— Великий Боже, — пробормотала Жасмин. — Я понятия не имела…
— Да. Одно другого хуже. Это ведь Квартал Уличных Крыс, не забыла? Одним словом, в тот день, когда моя мать умерла, я дал себе слово, что никогда не буду полагаться на других в том, что касается еды и крова. И никому не позволю исполнять мои мечты за меня. А еще, что однажды я разбогатею и буду жить во дворце. И все мои беды закончатся.
— Ты правда мечтал жить во дворце? — спросила Жасмин с любопытством.
— Из нашего дома, с задней его части, как раз открывался вид на дворец, — кивнул Аладдин со слабой усмешкой. — Я любил сидеть, глядя на него, и мечтать. Мне казалось, что он похож на рай. Белый и золотой при свете дня, суровый и непоколебимый в пыльную бурю, озаренный тысячами ламп ночью. Поэтому, когда я переселился из нашей хижины после маминой смерти, я выбрал именно то убежище в старой башне, потому что с нее открывался похожий вид.

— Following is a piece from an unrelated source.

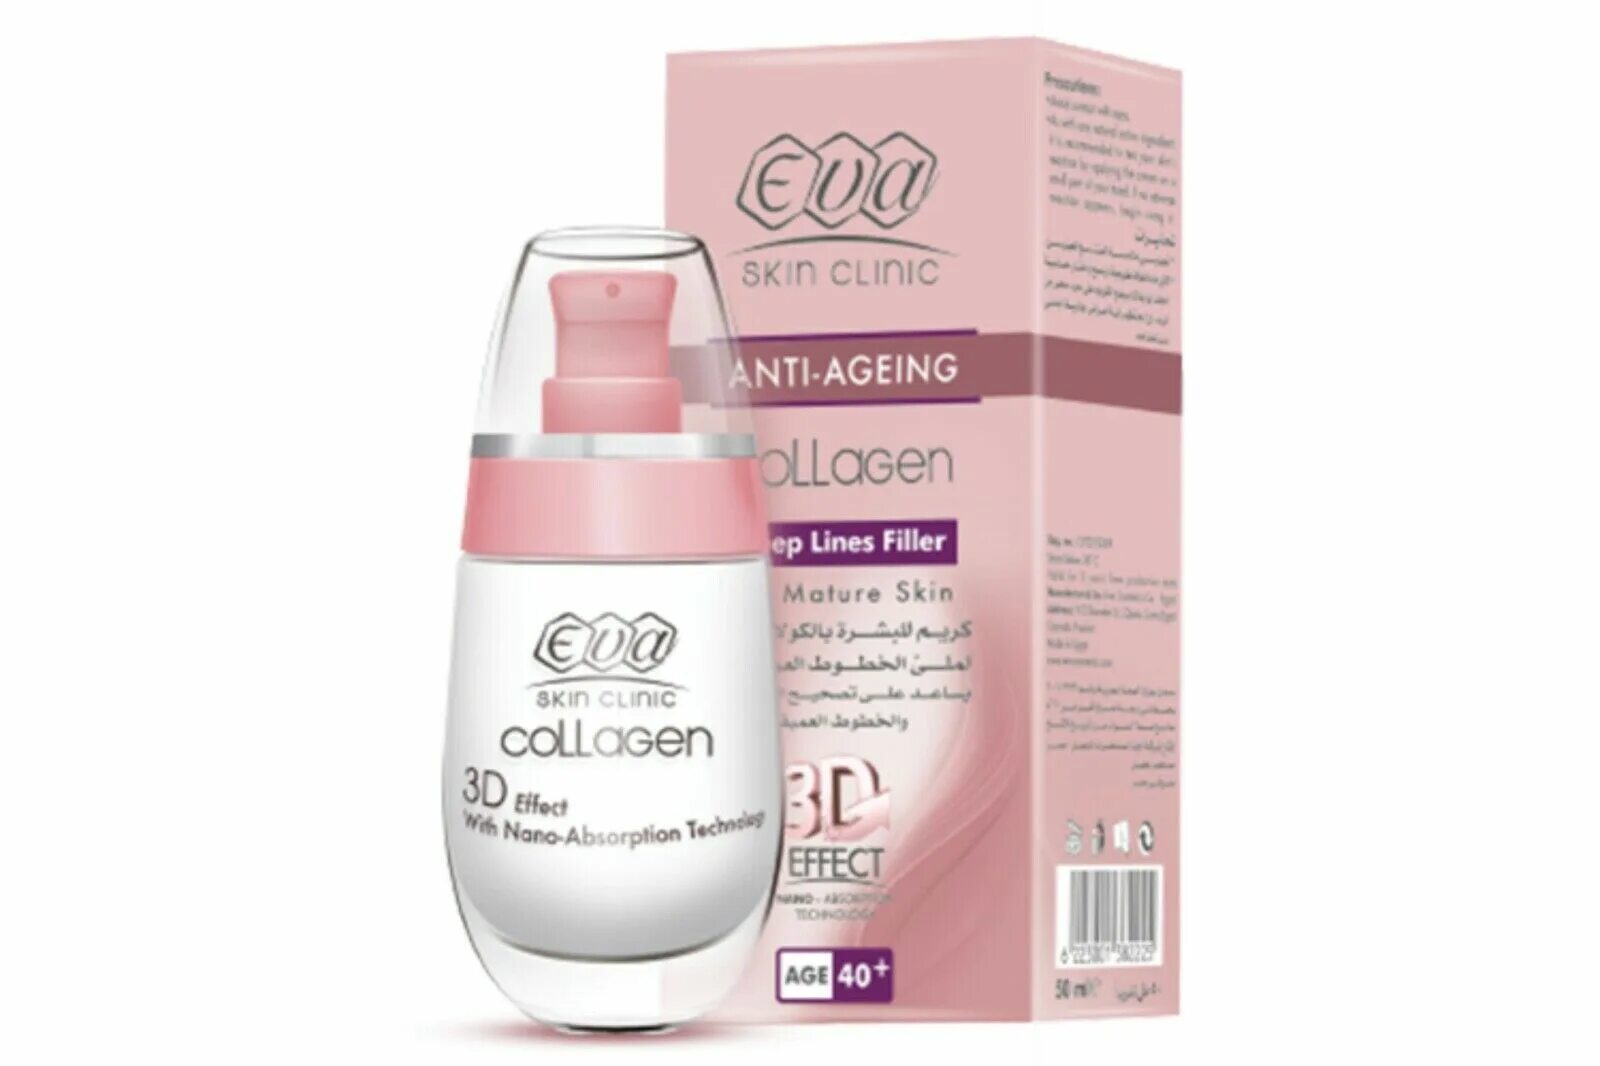 Косметика Eva Skin Clinic. Файн лайн филлер. Eva Skin Clinic Anti Aging Collagen.

— А я все эти годы, — задумчиво проговорила Жасмин, — тосковала в своих роскошных садах. Сидела у окна, глядя на лежащую внизу Аграбу, и мечтала оказаться там. Может быть, наши мысли даже сталкивались, как порывы ветерка.
— Или как пара ласточек. — Аладдин изобразил танцующих в воздухе птичек движением ладоней.
— Но богатство — это не волшебная лампа, которая может одним махом устранить все твои проблемы, — медленно сказала Жасмин, тоже принимаясь теребить пальцами кусочек хлеба. — Представь себе, что ты — большая, сильная птица, запертая в тесной, хоть и золотой клетке. Если бы не смерть моего отца, сейчас я чувствовала бы себя счастливее, чем когда-либо в жизни. Здесь я свободна. А иметь свободу выбора гораздо ценнее, чем просто иметь все, что пожелаешь.
— Тебе придется убедить в этом народ Аграбы, — сказал Аладдин с кривой усмешкой. — Иначе люди вряд ли пойдут за тобой. Пока что, мне кажется, они предпочитают иметь сытый желудок, а не свободу выбора.
— Когда я стану правительницей, у них будет и то, и другое, — поклялась Жасмин. — Я обязательно придумаю, как сделать так, чтобы накормить людей и при этом сохранить им свободу. И еще они обязательно будут учиться. Все дети будут ходить в школу, независимо от религии или общественного положения. Не только мальчики, но и девочки тоже. А когда они вырастут, им всем будет предоставлена возможность заниматься тем, к чему у них лежит душа, и никого больше не смогут принудить воровать или попрошайничать. Клянусь.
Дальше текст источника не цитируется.